The deputy secretary-general of the United Nation, Amina Mohammed has said that former minister of finance, Ngozi okonjo-Iweala, brought Nigeria out of debt but that the country seems to be back in it now.
The Cable reports that the former minister spoke at the International Monetary Fund and UN working together conversation on Tuesday, September 12.
Mohammed expressed worry over Nigeria’s and Africa's rising debt. She insisted that the IMF and UN have a better conversation to help growing economies.
She said: “Public resources are always going to be important, and so is ODA and the private sector. But I think we still haven’t yet got quite the solution and I hope that the work that we do together will open up that space to think more on how to leverage that.

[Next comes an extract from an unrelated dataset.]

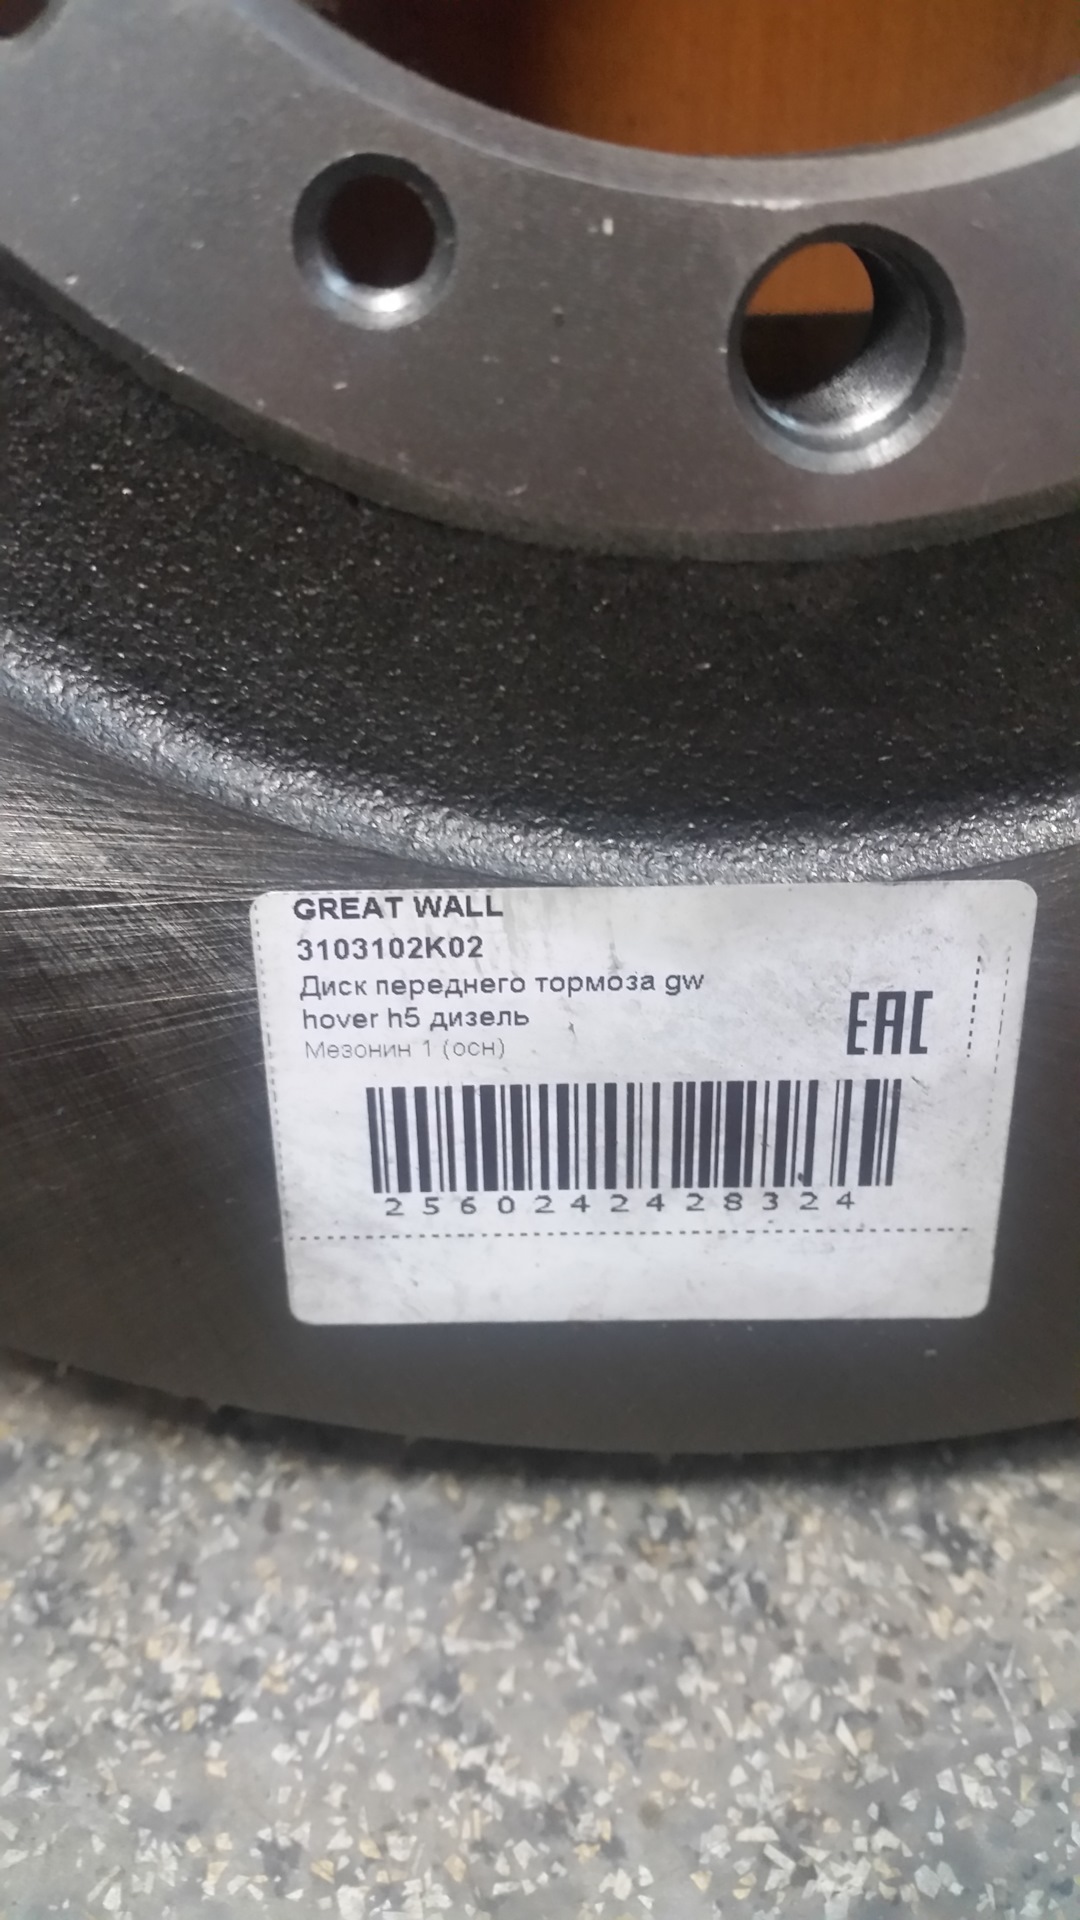 Тормозные диски ховер н5. Great Wall 3103102 k02 диск тормозной размер. Диск тормозной передний Hover н5. Диск тормозной передний Ховер н2 дизель 2.8. Тормозные диски Ховер н2.

“As I was coming up from New York, some of the concerns that came up from the meeting we had in China just recently and reports that we have; the debt issues are really big, I mean, having experienced what it was for Ngozi (Okonjo-Iweala) to get debt relief.
“It took her a few years to convince people, and we are now back again in my country, with a level of debt that is worrying, but its happening all over. Africa, is that the way we want to go?
“I think we really need to sit down and have a better conversation about all the asks of a growing economy; that needs to be inclusive, it needs to succeed, because stability is needed more than ever today, across our countries and where we are working.”
She agreed with Christine Lagarde, the managing director of the IMF that Okonjo-Iweala was very influential in the debt relief Nigeria secured in 2006.
Meanwhile, the federal government through the Debt Management Office (DMO) has explained that Nigeria borrowed from China in order to take advantage of a cheaper source of finance.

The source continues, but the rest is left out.